[TASK REQUIREMENTS]
Repeat the data as given. Images do not go in the copy.

[DATA EXTRACT]
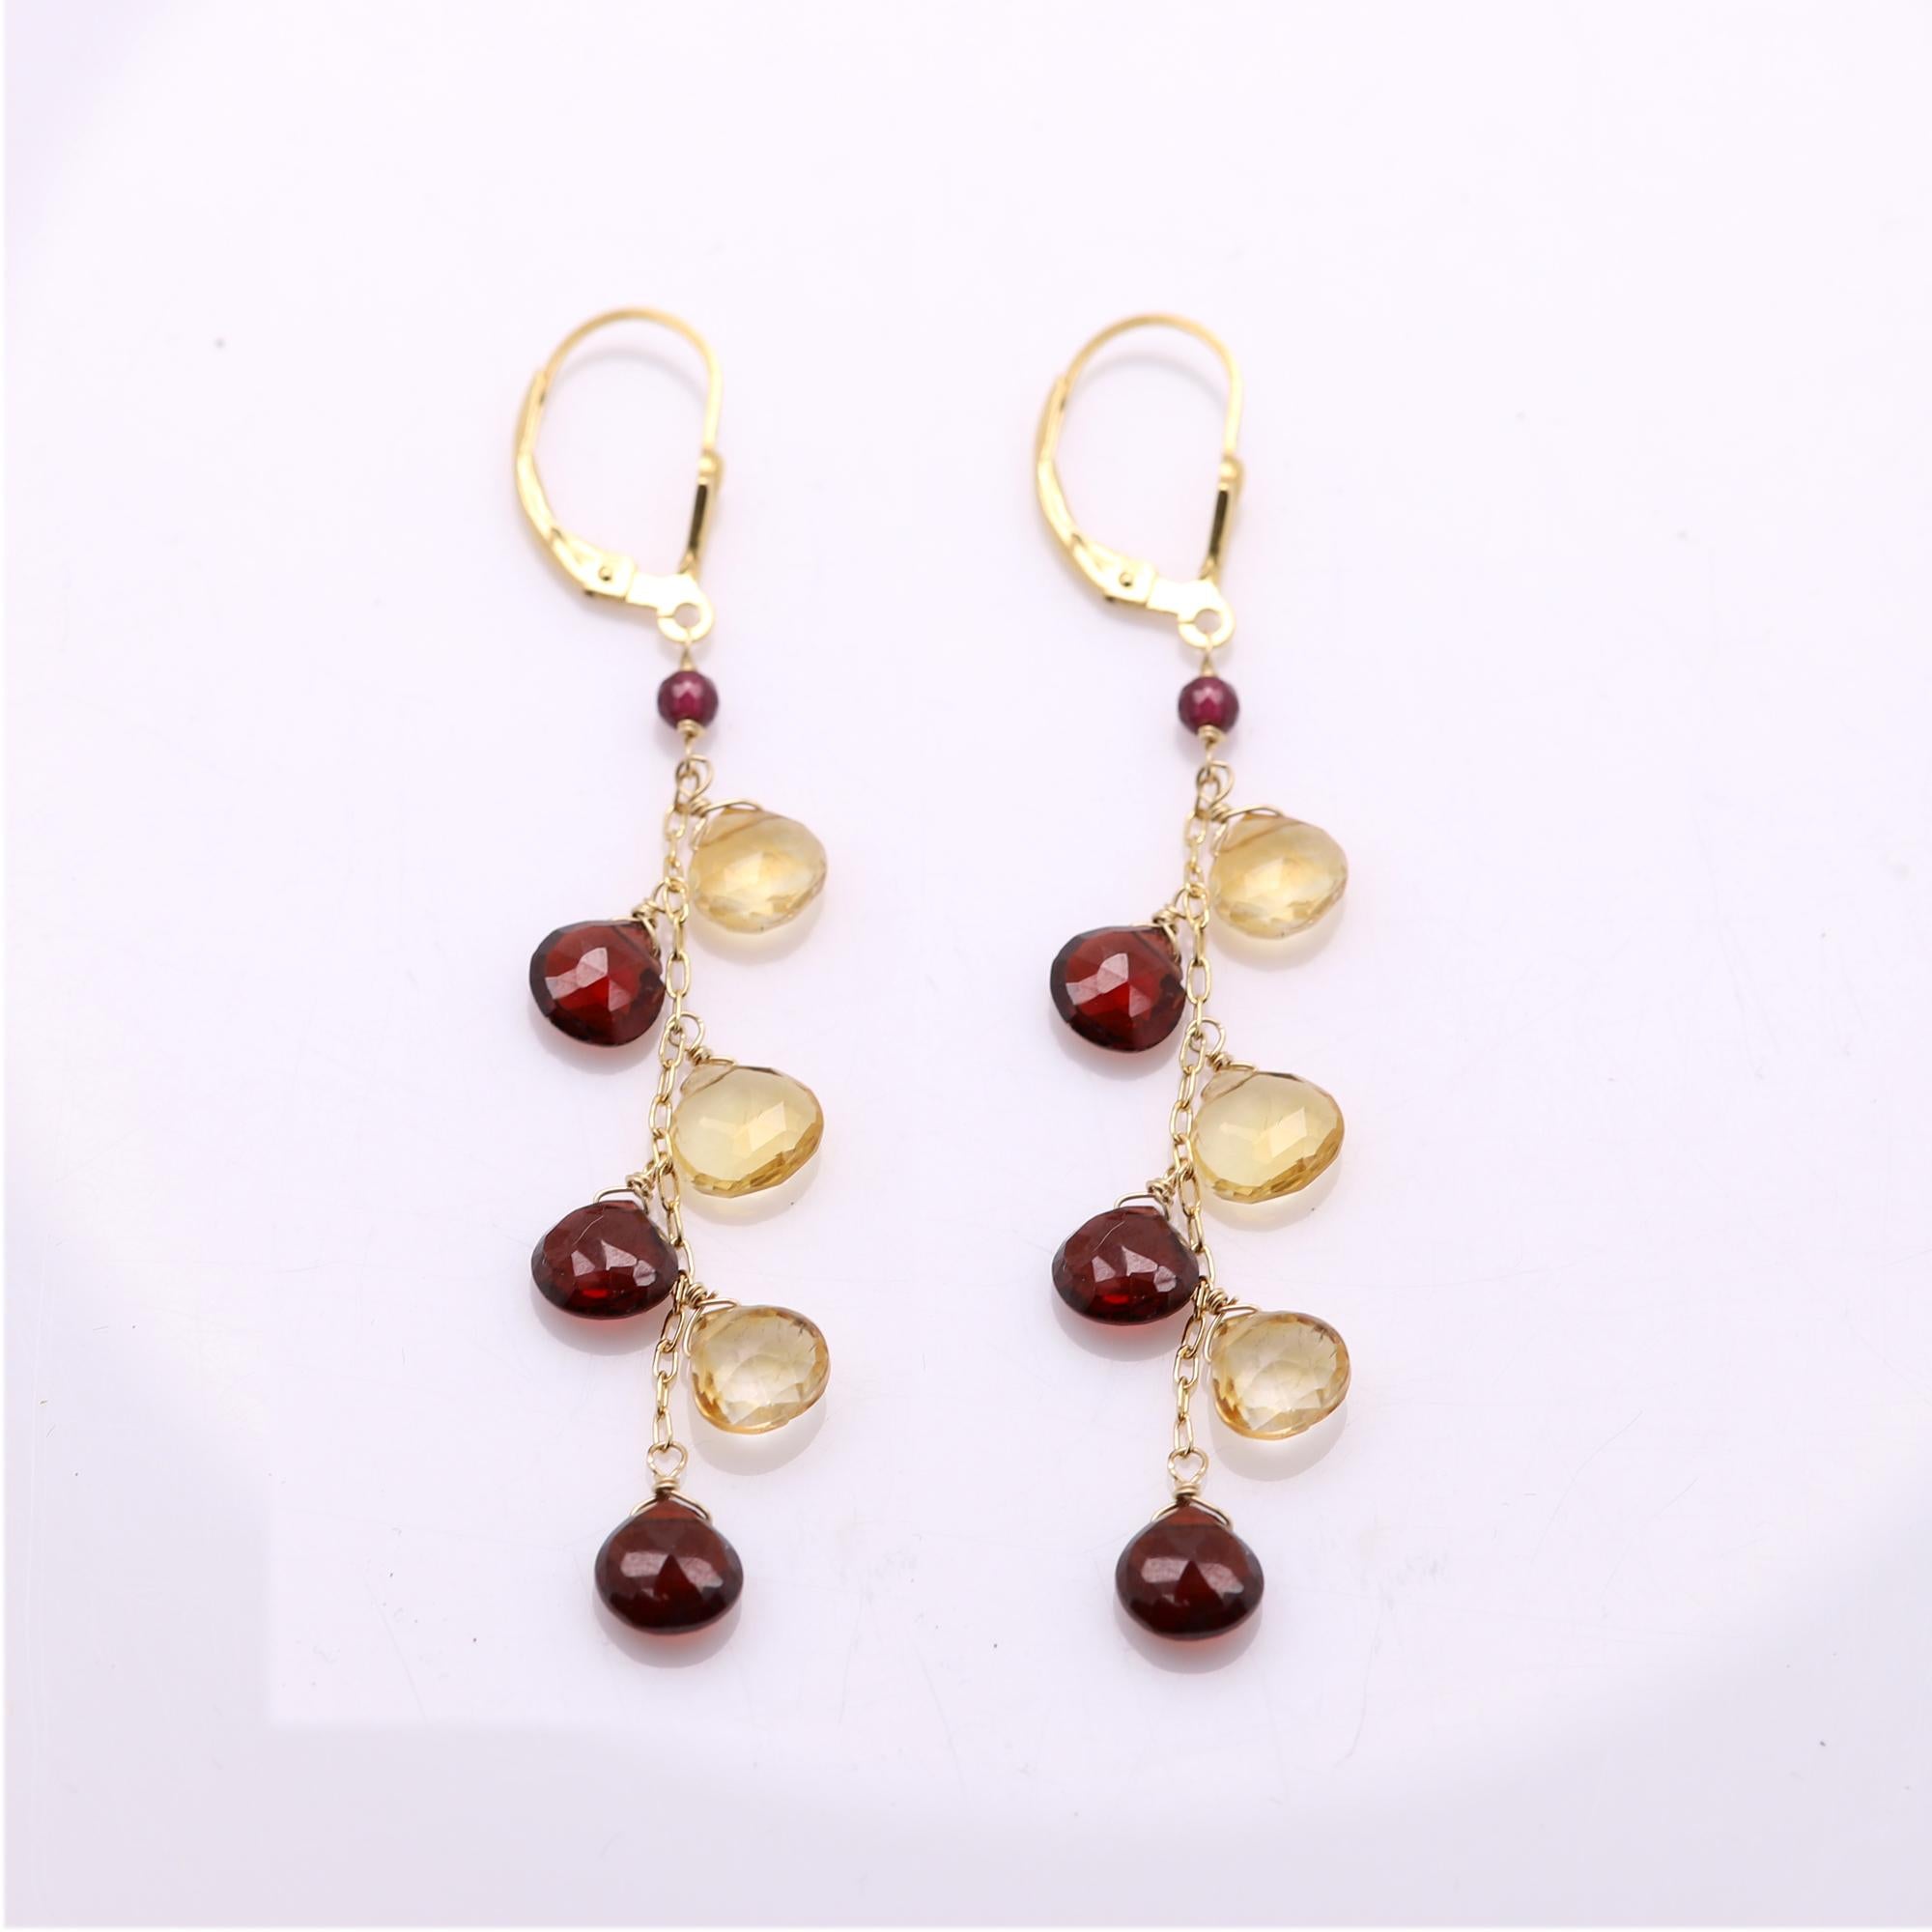 New Brilliant Elegant Dangling Earrings for Woman and Girls.
Approx. 2.5
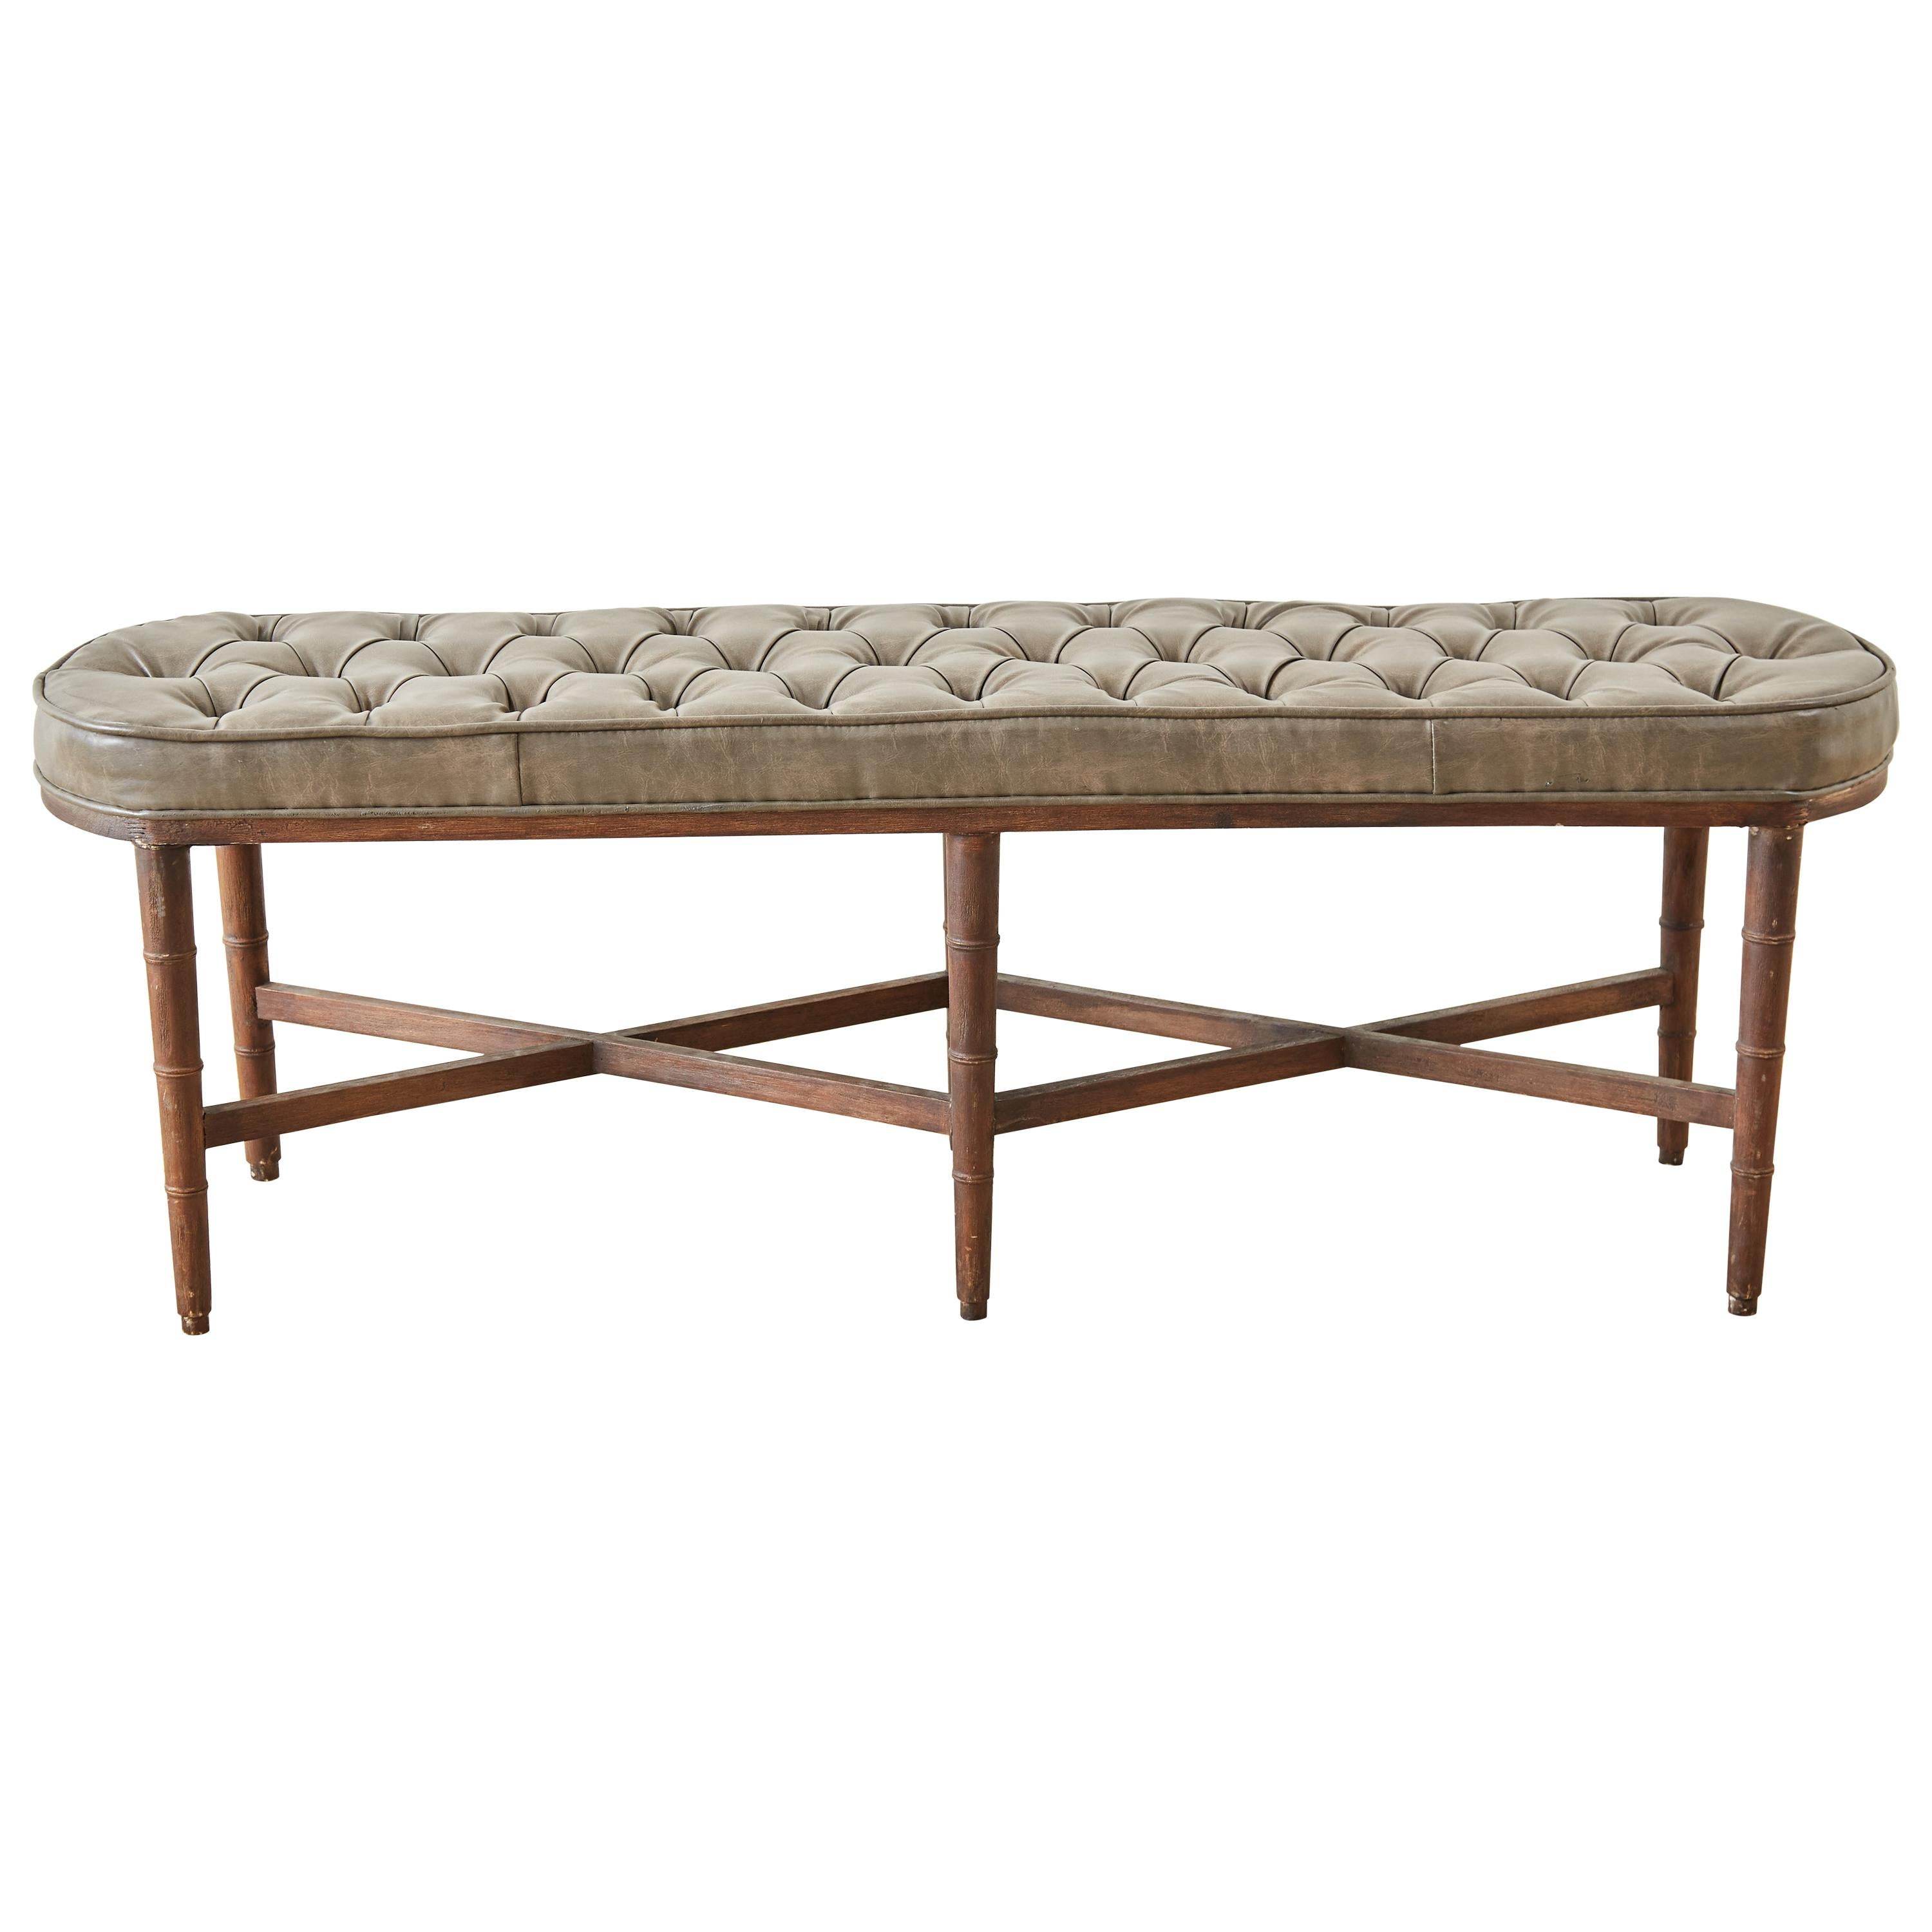 Midcentury Regency Style Faux Bamboo Tufted Bench
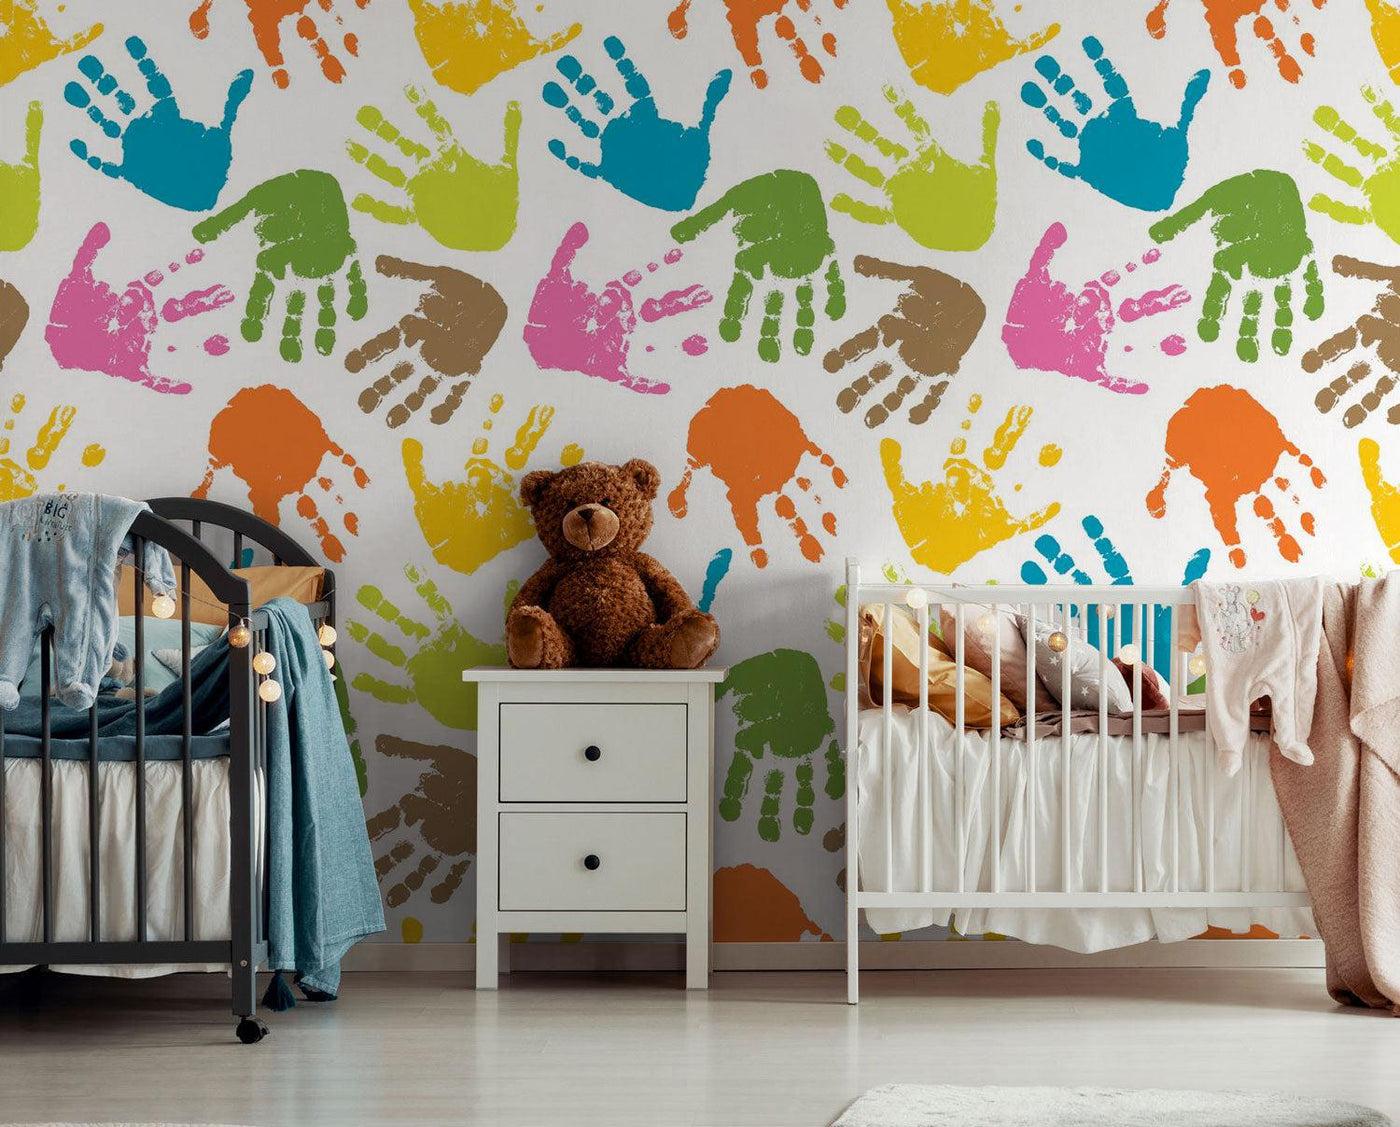 Prints of childs'hands Wall Mural-Wall Mural-Eazywallz

[YOUR RESPONSE]
 New Brilliant Elegant Dangling Earrings for Woman and Girls.
Approx. 2.5
 Midcentury Regency Style Faux Bamboo Tufted Bench
 Prints of childs'hands Wall Mural-Wall Mural-Eazywallz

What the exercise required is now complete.